Having held for Black & Decker on the economic substance argument, Judge Quarles entered judgment for Black & Decker, ruling that Black & Decker is entitled to the $57 million refund and dismissing the government’s counterclaims.
The Latest in a Series of Defeats
The government’s loss followed a string of interim defeats in the case, not only on the government’s own motion for summary judgment, but also on a number of important discovery issues. In September 2003, Magistrate Judge Gesner denied the government’s motion to compel production of work product prepared by Black & Decker and Deloitte & Touche, who advised Black & Decker on the transaction. The magistrate ruled that Black & Decker’s intended reliance on opinion letters written by Deloitte & Touche did not waive work product claims on documents underlying or related to the opinion letters. The government also failed in its efforts to withhold production of an unredacted Field Service Advice (“FSA”) memorandum it inadvertently produced. Black & Decker successfully argued that legal analysis had been improperly redacted from the public version of the FSA, in violation of § 6110(i), which requires the IRS to publicly disclose legal analysis contained in FSAs and other Chief Counsel advice. The magistrate also denied the government’s motion for a protective order, in which the government sought to block Black & Decker’s efforts to depose LMSB officials Frank Ng and David Harris.
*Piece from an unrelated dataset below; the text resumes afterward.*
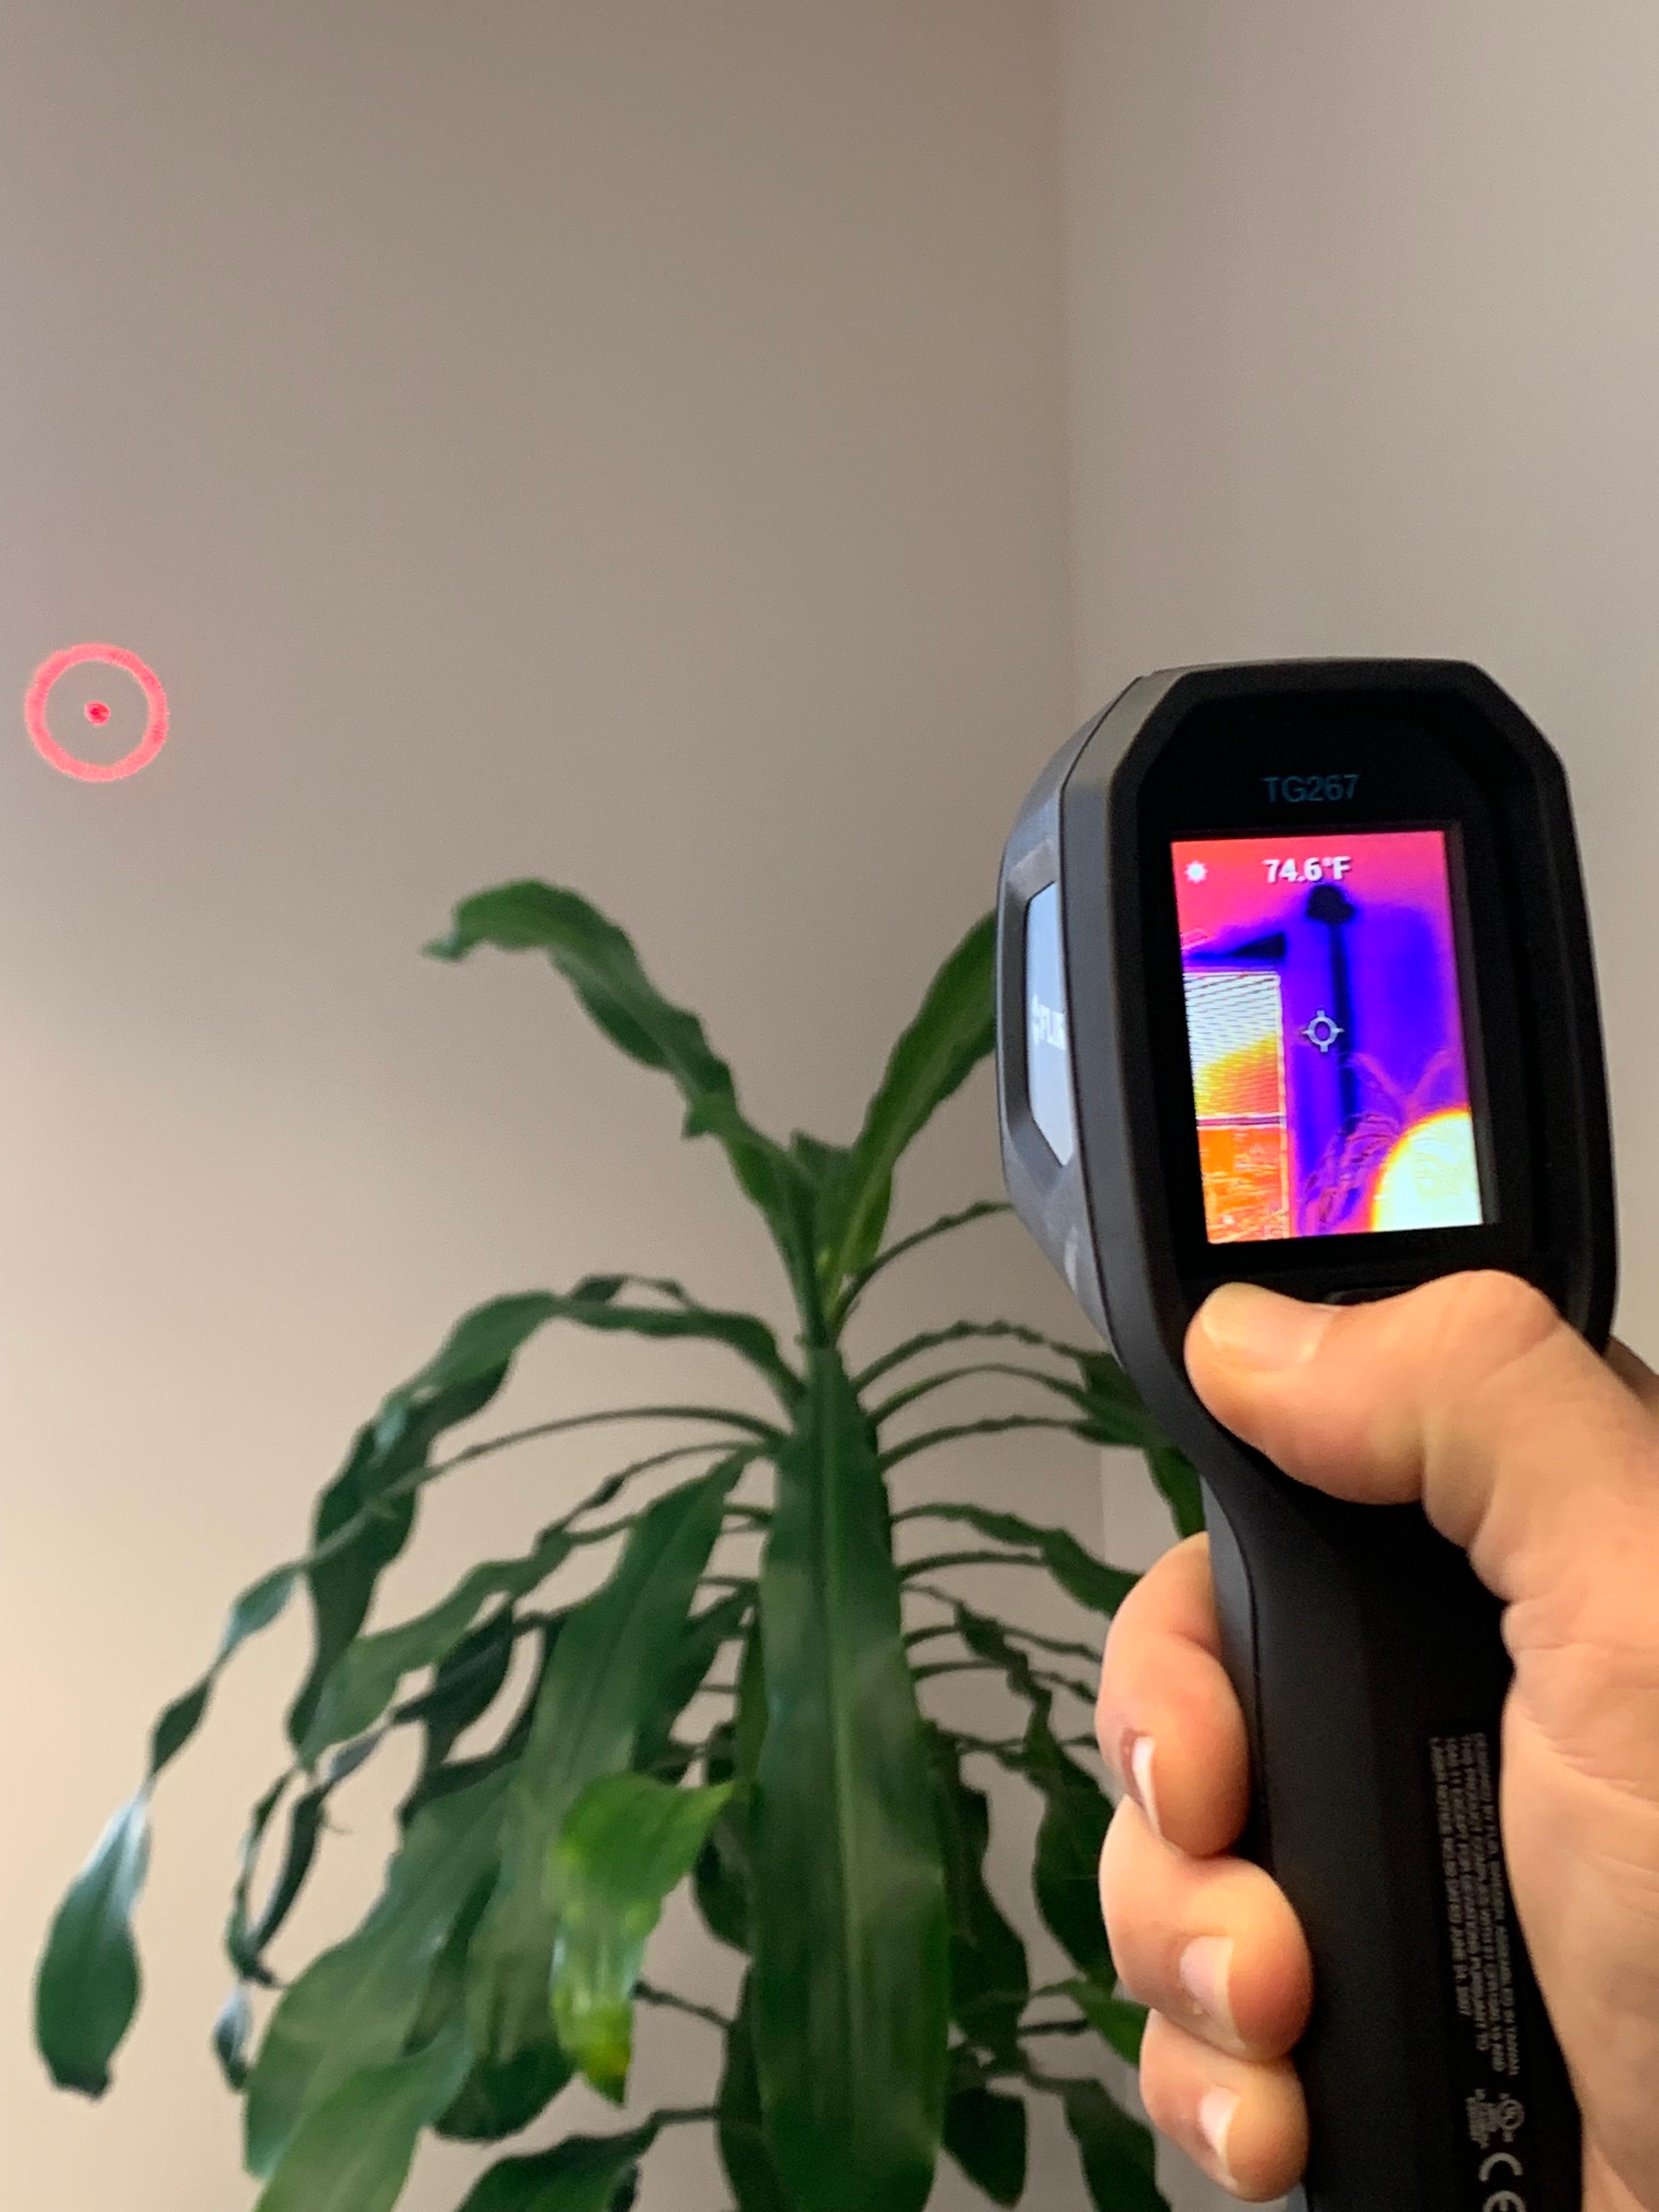 Water can sometimes hide behind things.  The SERVPRO team uses infrared detectors to find where the water-affected areas are to start the remediation process.

The Black & Decker case also was notable for the level of discovery Black & Decker was able to obtain from the government on the penalty issue. The Government imposed a 40% gross valuation misstatement penalty despite a revenue ruling and contemporaneous Field Service Advice memoranda supporting Black & Decker’s statutory interpretation and despite Black & Decker’s application for penalty relief under the Announcement 2002-2 voluntary disclosure program. In developing its case for penalty relief under Announcement 2002-2, Black & Decker deposed six IRS officials and obtained evidence that the IRS had engaged in disparate treatment of similarly situated taxpayers in its administration of the Announcement 2002-2 amnesty program. The victory for Black & Decker on the underlying merits of the case eliminated the need for the court to address the government's $41 million penalty claim, which was conditioned on the government prevailing on the merits.